In a letter posted online by National Review this week, the adviser, Douglas Holtz-Eakin, said Mr. McCain believed that the Constitution gave Mr. Bush the power to authorize the National Security Agency to monitor Americans’ international phone calls and e-mail without warrants, despite a 1978 federal statute that required court oversight of surveillance.
Mr. McCain believes that “neither the administration nor the telecoms need apologize for actions that most people, except for the A.C.L.U. and trial lawyers, understand were constitutional and appropriate in the wake of the attacks on Sept. 11, 2001,” Mr. Holtz-Eakin wrote. ...
Although a spokesman for Mr. McCain, the presumptive Republican presidential nominee, denied that the senator’s views on surveillance and executive power had shifted, legal specialists said the letter contrasted with statements Mr. McCain previously made about the limits of presidential power.
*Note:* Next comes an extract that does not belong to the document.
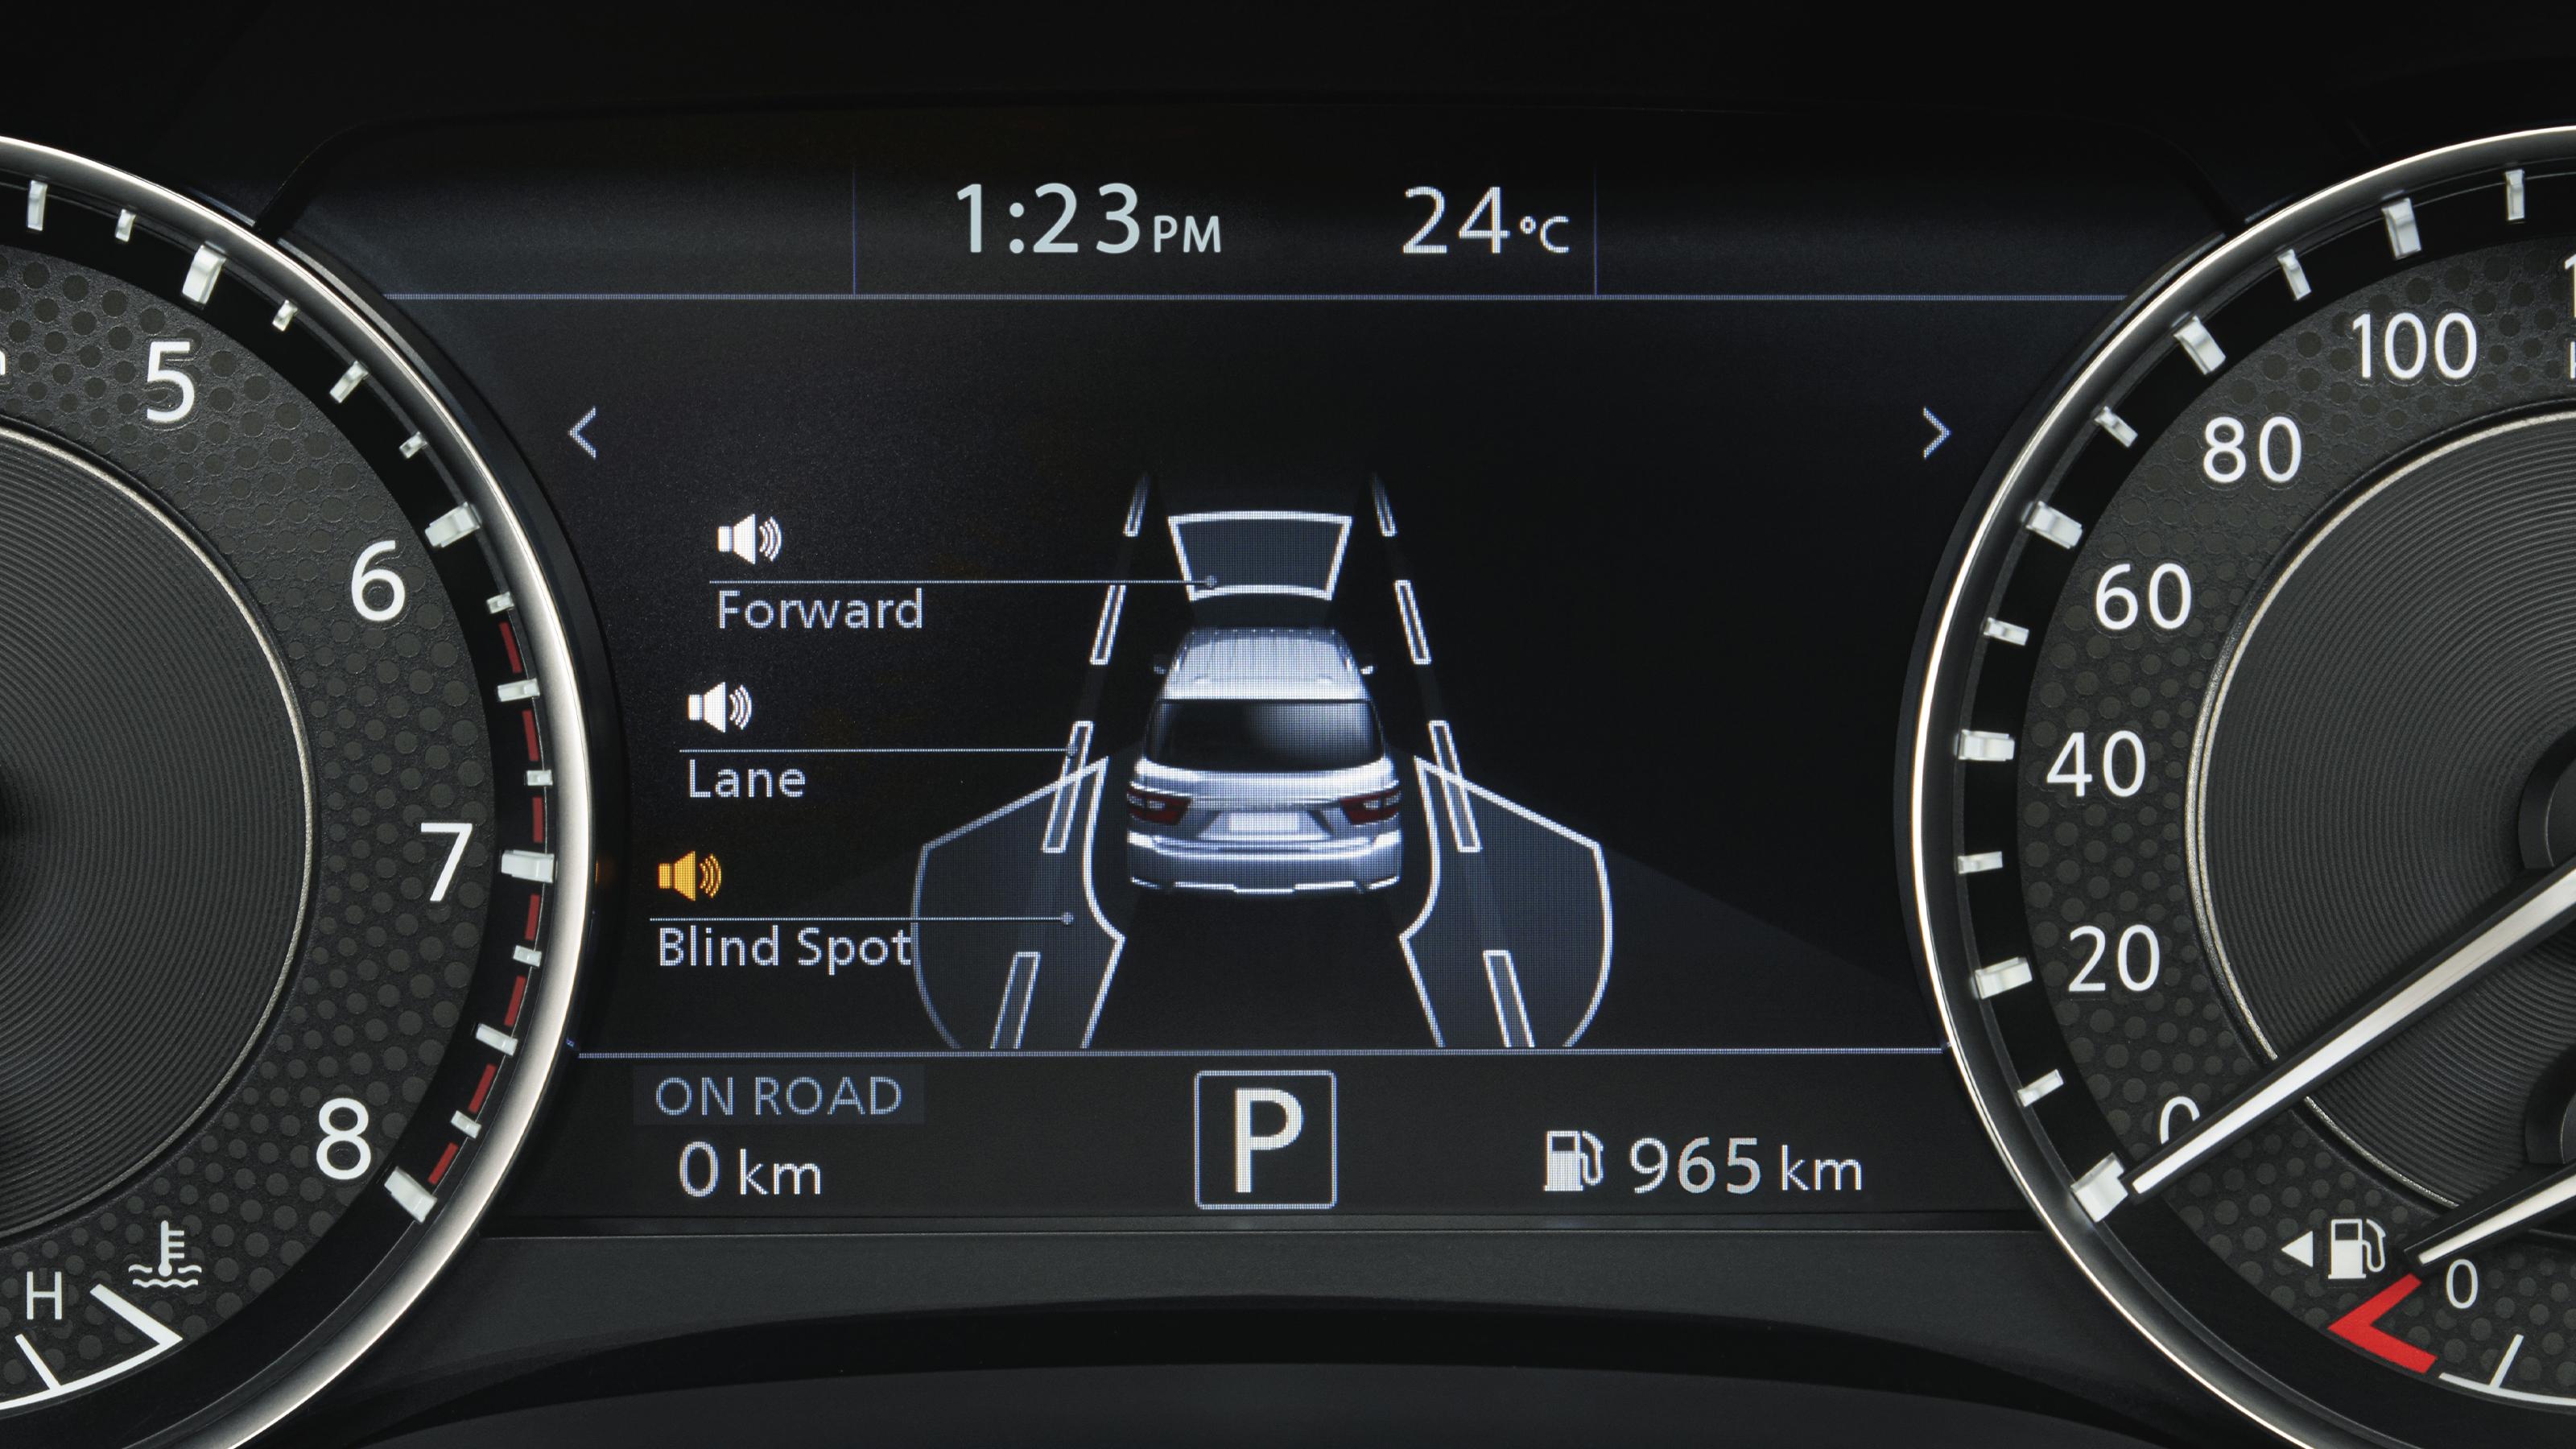 2020 NISSAN PATROL driver information display

In an interview about his views on the limits of executive power with The Boston Globe six months ago, Mr. McCain strongly suggested that if he became the next commander in chief, he would consider himself obligated to obey a statute restricting what he did in national security matters.
Mr. McCain was asked whether he believed that the president had constitutional power to conduct surveillance on American soil for national security purposes without a warrant, regardless of federal statutes.
He replied: “There are some areas where the statutes don’t apply, such as in the surveillance of overseas communications. Where they do apply, however, I think that presidents have the obligation to obey and enforce laws that are passed by Congress and signed into law by the president, no matter what the situation is.”